> **Excerpted records**:
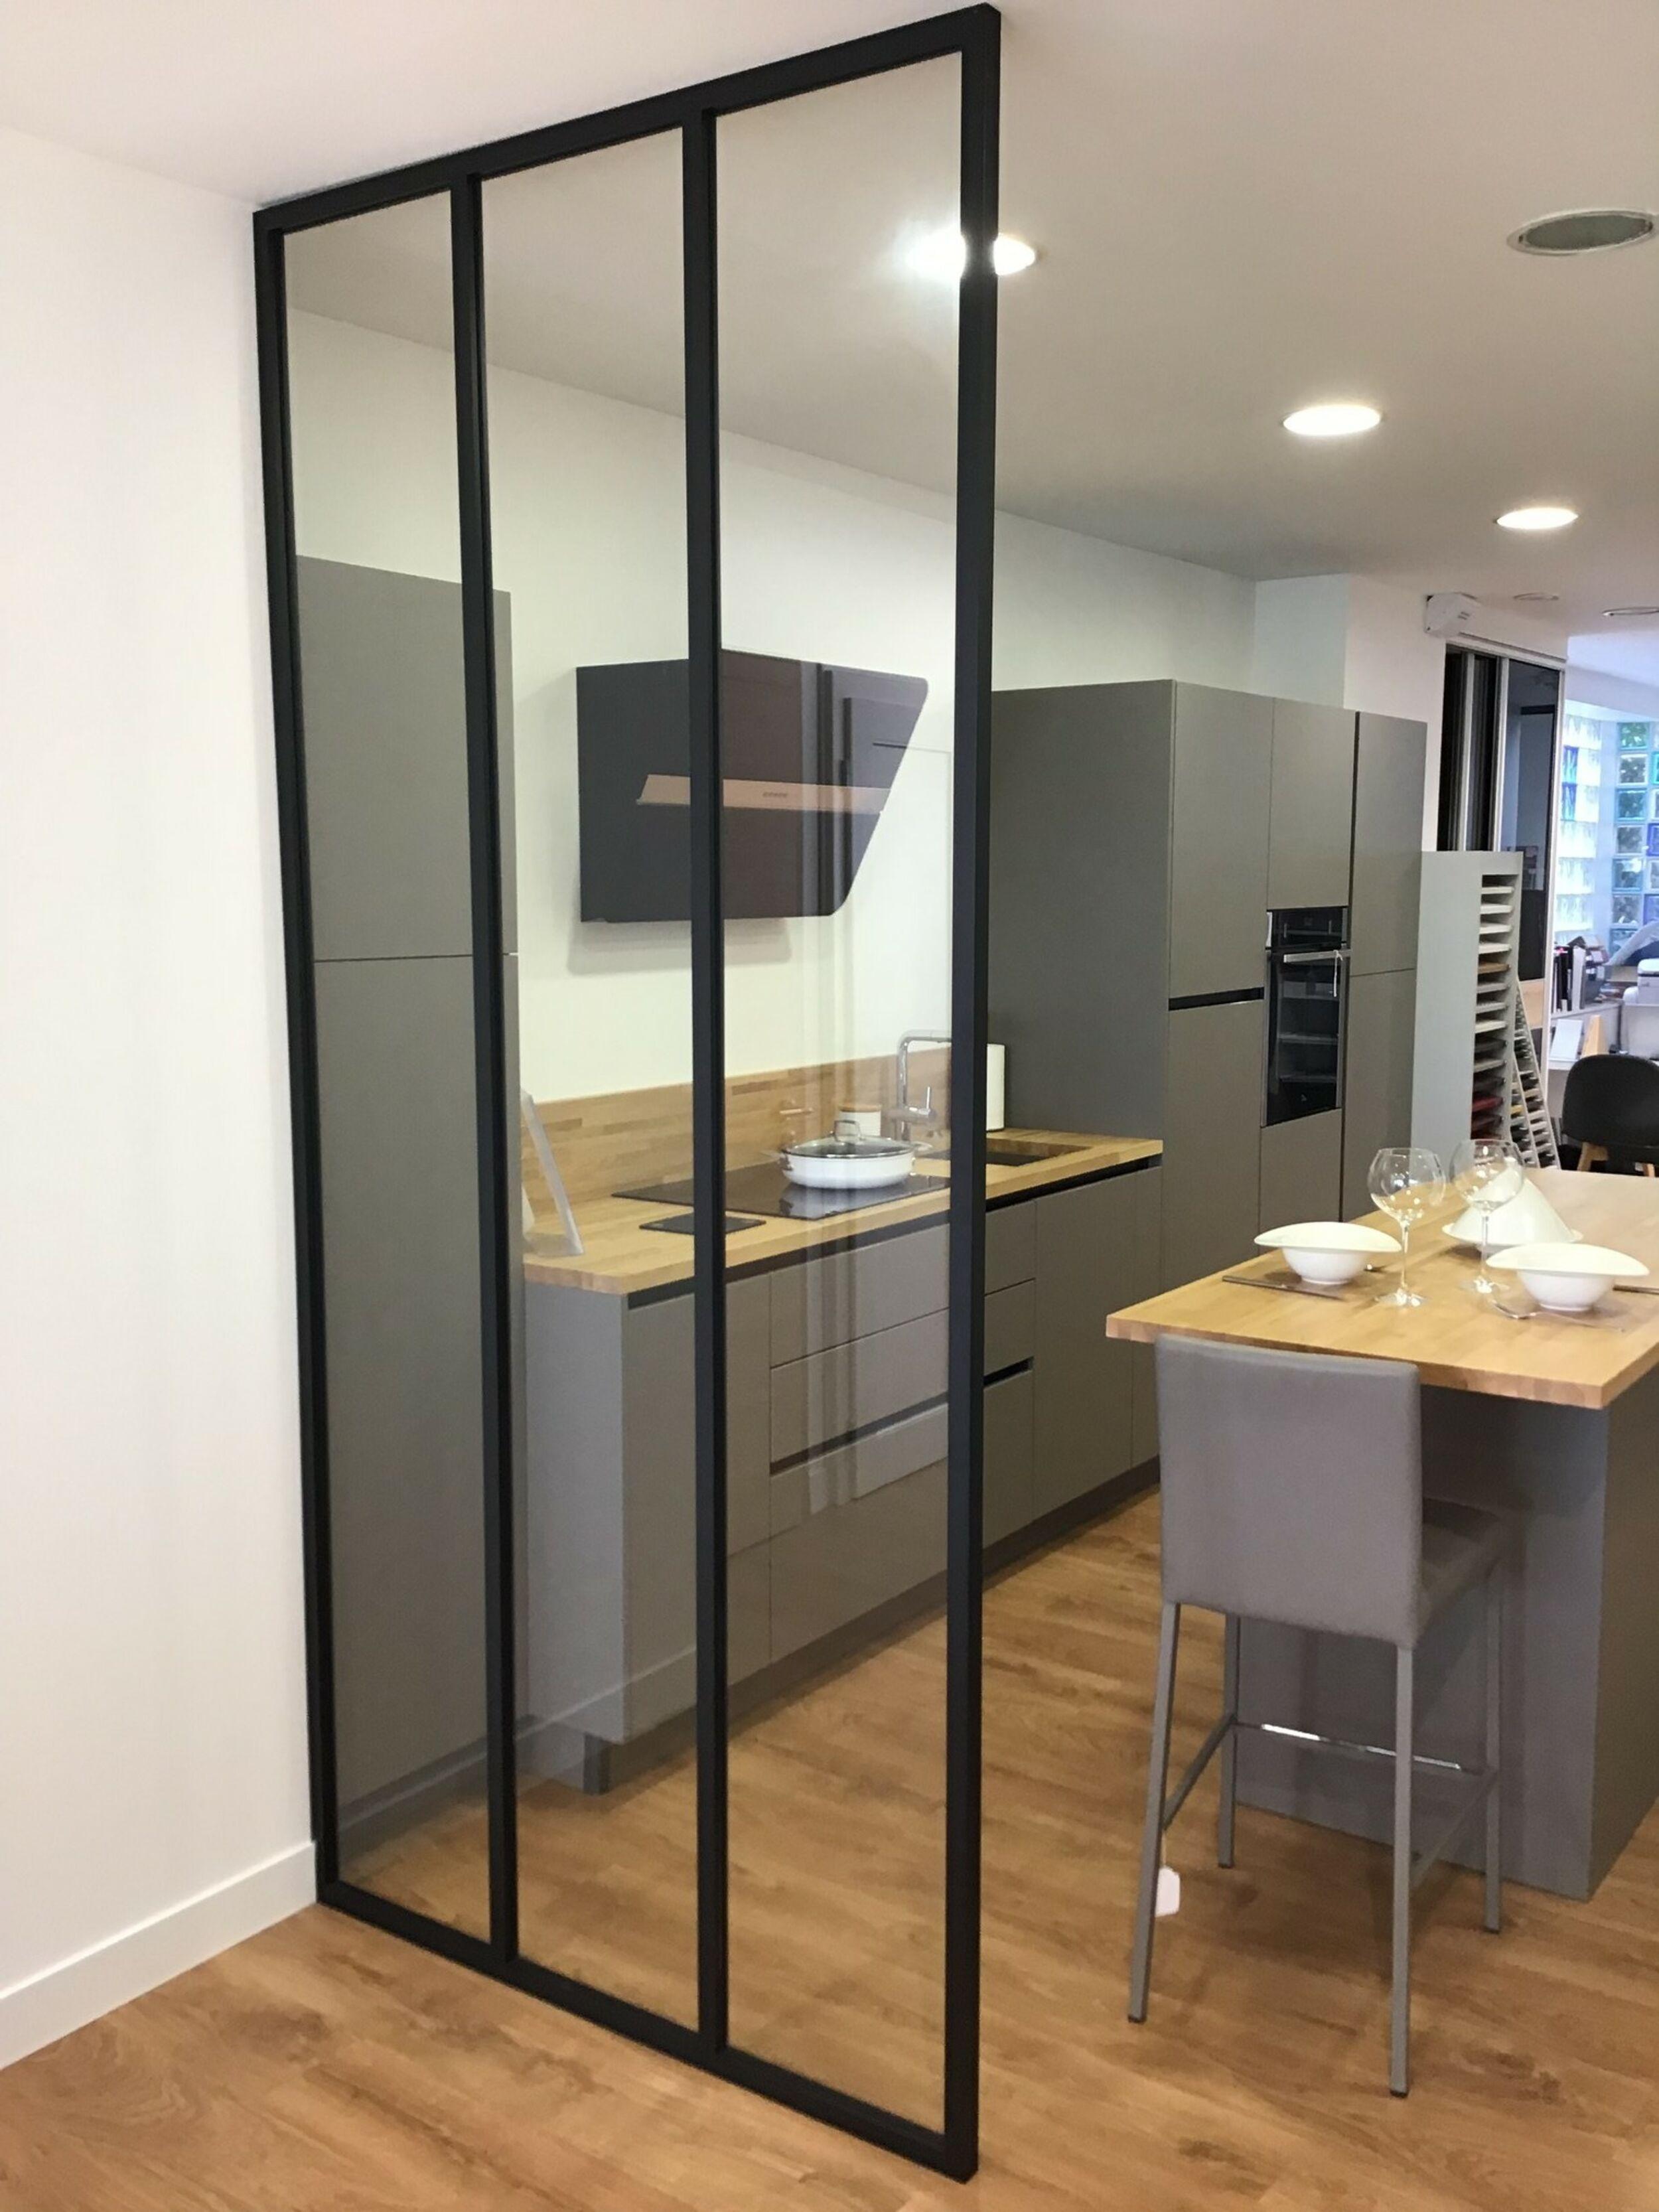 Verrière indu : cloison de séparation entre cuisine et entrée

--

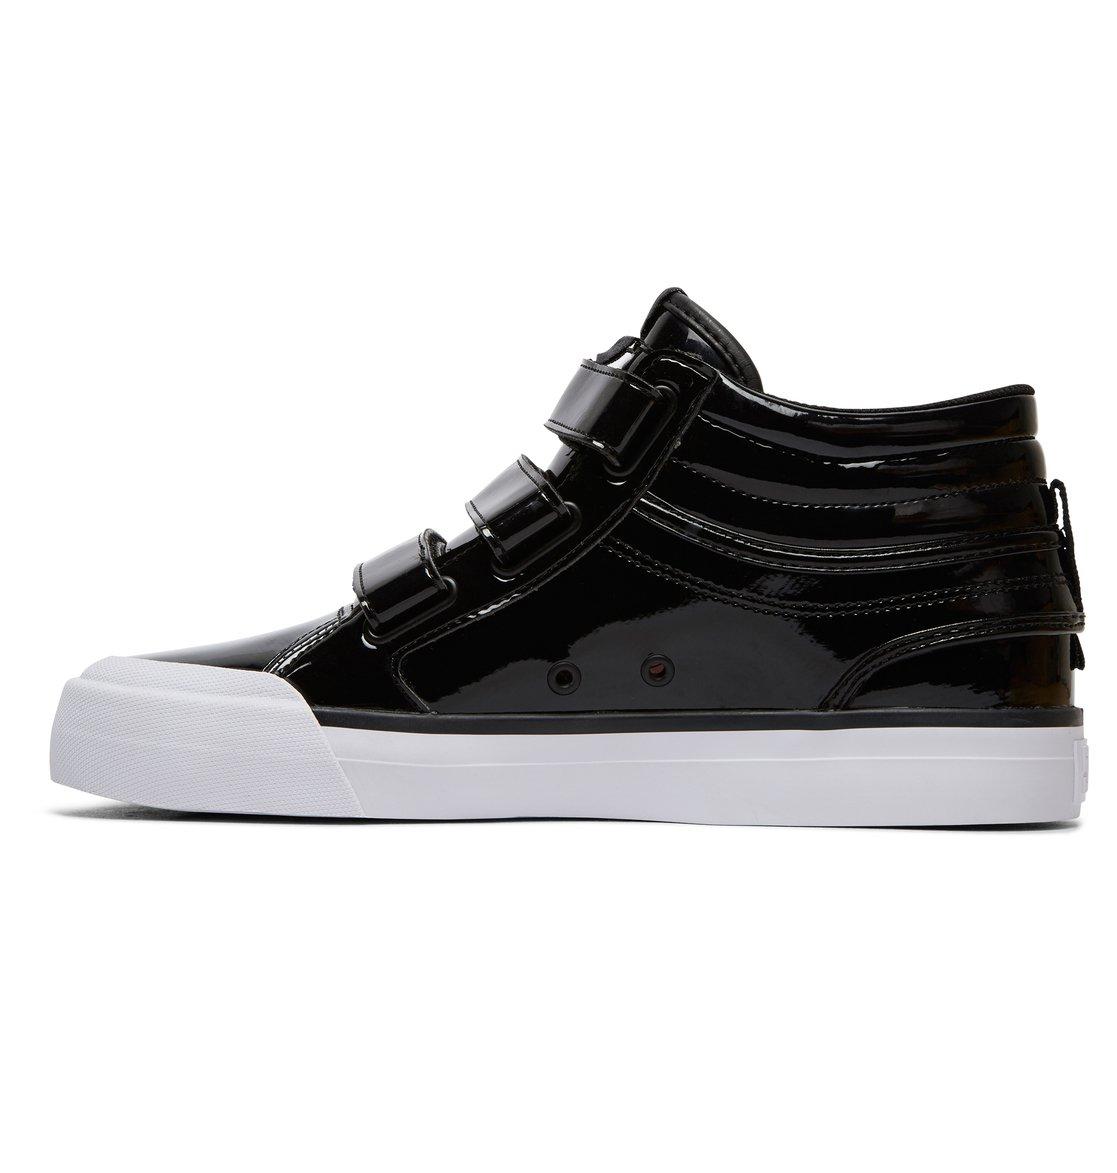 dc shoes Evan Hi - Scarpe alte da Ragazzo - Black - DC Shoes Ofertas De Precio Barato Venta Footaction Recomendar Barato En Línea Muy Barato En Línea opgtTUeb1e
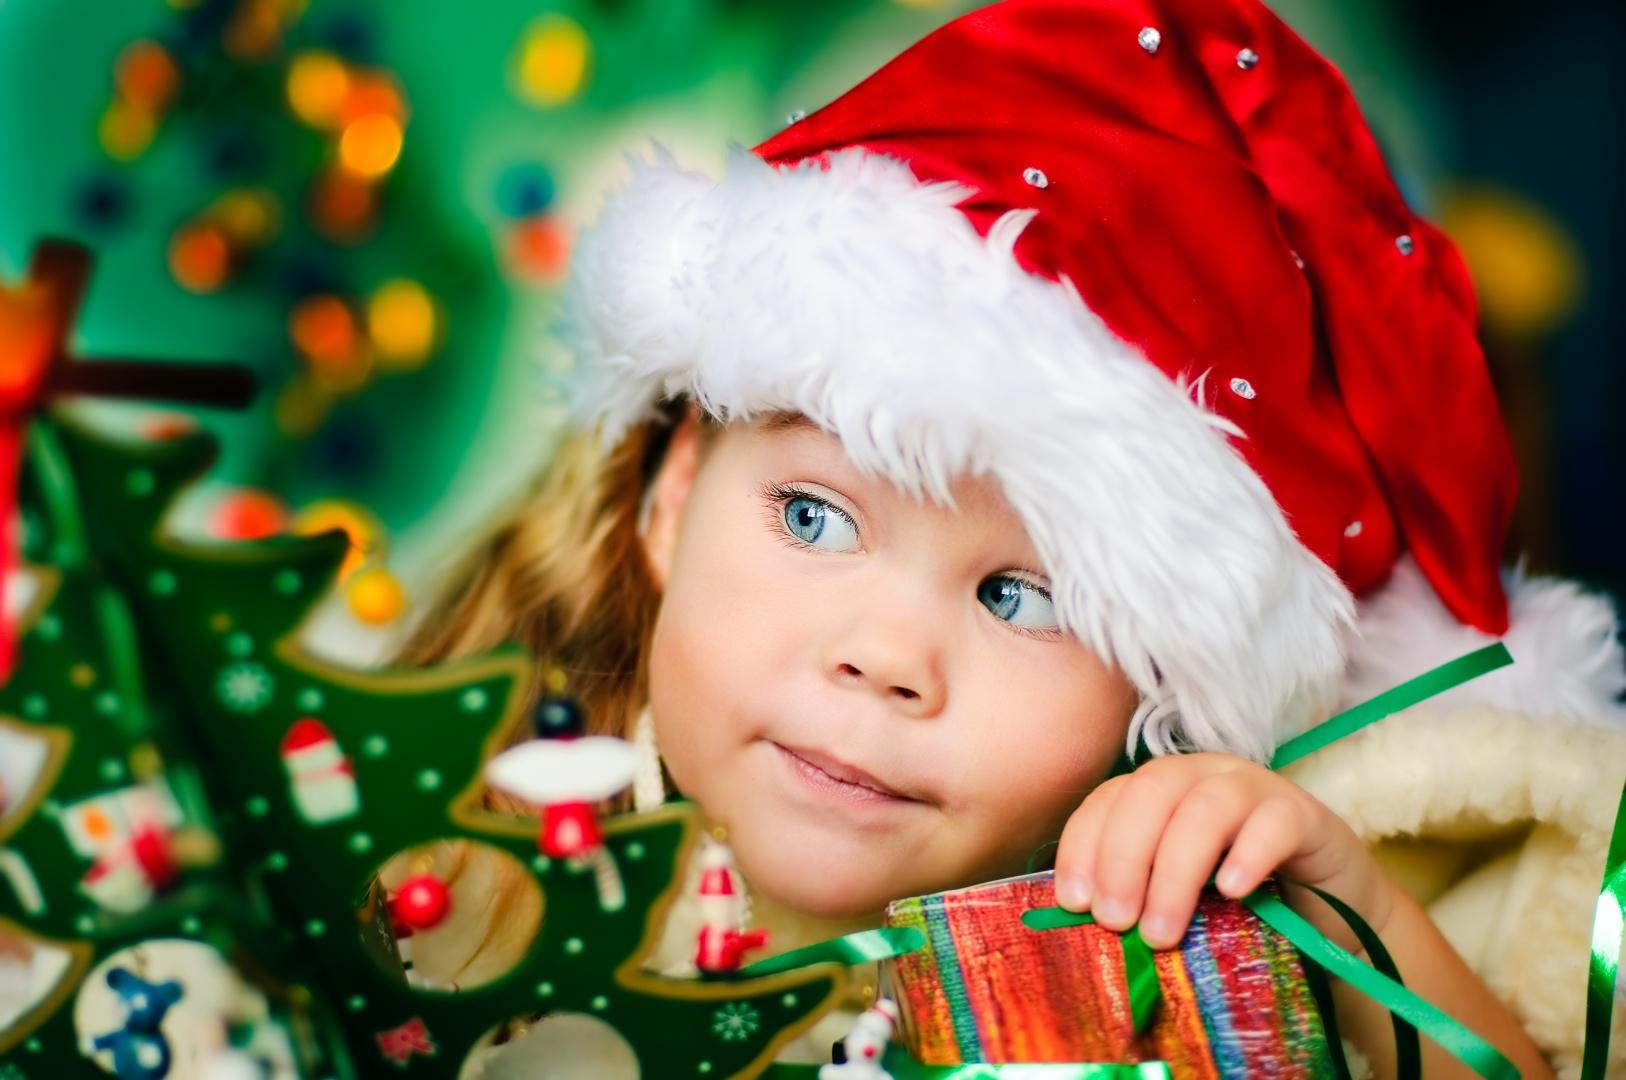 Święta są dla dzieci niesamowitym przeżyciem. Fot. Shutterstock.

> **Problem to solve**: All pictures are to be skipped. Output, word for word, the lines in the data above starting at the line containing "dc shoes Evan" and ending at the line containing "Święta są dla".

> **Task answer**:
 dc shoes Evan Hi - Scarpe alte da Ragazzo - Black - DC Shoes Ofertas De Precio Barato Venta Footaction Recomendar Barato En Línea Muy Barato En Línea opgtTUeb1e
 Święta są dla dzieci niesamowitym przeżyciem. Fot. Shutterstock.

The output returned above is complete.